But Congress can’t seem to figure out how, amid feuding about the science and economics of wildfires. Many Republicans are demanding that any solution involve intensifying the amount of logging on public land, allowing clear-cuts as large as 10- or 15-square miles in federal forests, and weakening the National Environmental Protection Act, the 1969 landmark law that drives much of federal conservation policy.

The rollbacks are nonstarters for Democrats, who brandish research findings that climate change is a major driver of the intensifying fires, not too little commercial logging. California Sens. Dianne Feinstein and Kamala Harris last week sent Trump a letter as fires raged in Northern California imploring him to support fixing the Forest Service money problem in a stand-alone measure, and then deal with the broader disputes over forestry management separately.

Does anyone know where the “10-15 square mile clearcut” came from? It seems kind of silly as the efforts we have been talking about are more along the lines of thinning and shaded fuel breaks. But I’m sure legislation that I think of as silly is possible. Is anyone familiar enough with the legislation to weigh in on this?

Democrats and environmentalists say the House measure that McClintock and other Republicans favor to fix the Forest Service funding problem is less about fighting fires than creating a big giveaway for logging interests. “We don’t think completely eliminating environmental safeguards will solve the problem or make us safer,” said Megan Birzell, national forests campaign manager at the Wilderness Society. “We don’t need 10,000-acre clear cuts in the back country to solve this.”

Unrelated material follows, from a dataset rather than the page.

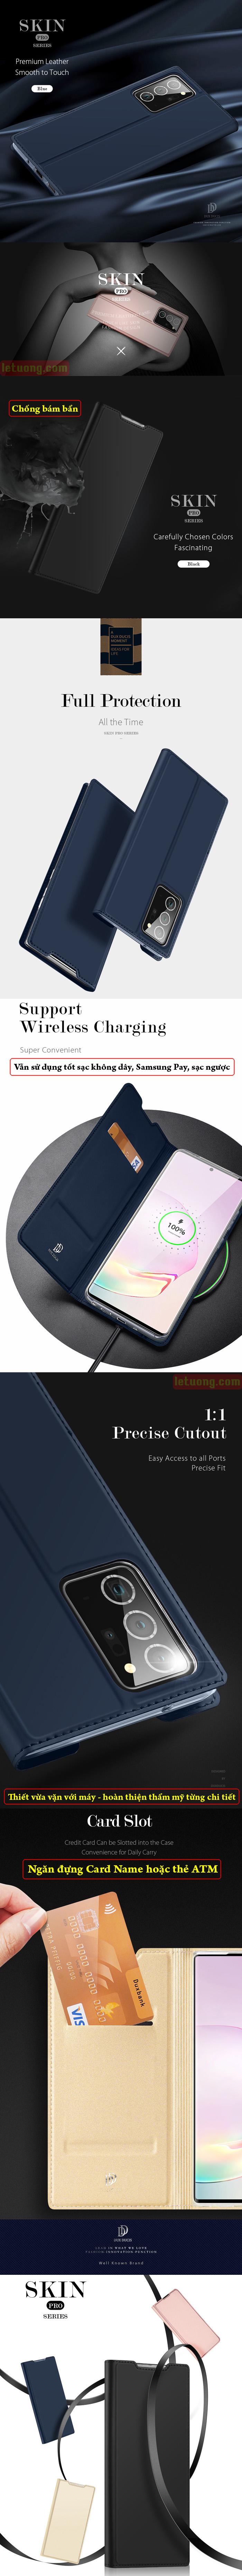 Bao da Galaxy Note 20 Ultra / 5G Dux Ducis Skin siêu mỏng - siêu mịn 6

So a person writing for the LA Times from DC has framed this as about “logging” versus suppression. As we have seen over the summer, it’s much more complicated than that especially since national policies affect areas that want fuel treatments but don’t have active forest product (“logging”) industries. Apparently (at least some) folks in the Senate agree with me.

The Halper piece was published in the Gazette here on October 21. While I was catching up, I saw Steve’s link in a comment here to an E&E News on Cantwell et al.’s Senate bill. Halper’s LA Times article was dated October 18. Can we infer that there are two efforts.. one in the House that has gotten bogged down in partisanship and one in the Senate that (apparently) hasn’t and has people working across the aisle? The real news is the bill that has a chance of going somewhere. IMHO. Kudos to E&E News for telling us that story.

5 thoughts on “Bipartisan Solutions for Wildfire Funding and Comprehensive Reporting”

  1. I recently saw another crazy Sierra Club claim that Muir Woods National Monument could get clearcut, due to a new bill. I’m sure this is part of that awkward “consensus” thing I was talking about for so long. As long as we reach a consensus, I guess I just have to grab some popcorn and watch it all unfold, pointing out all the plot fails.

  2. > Does anyone know where the “10-15 square mile clearcut” came from?

    This may be silly, but it’s accurate. The figure is just an acreage conversion from the proposed CEs in the Westerman and Thune bills. HR 2936 includes a CE for up to 10,000 acres of logging for purposes including ESH, salvage, or timber production. (30,000 if the project is developed collaboratively.) The CEs are available even in IRAs.

    Describing the legislation as allowing 15-acre clearcuts is a little unfair, because acres treated are unlikely to be contiguous in real life. On the other hand, because CEs could be “stacked” without cumulative impact analysis, the legislation is actually worse than that. It would effectively eliminate analysis of any site-specific impacts, period. (Related note: On relatively small Eastern forests, these CEs are even more wildly out of proportion. One project could cover several years’ to more than a decade’s worth of logging in the units in my region.)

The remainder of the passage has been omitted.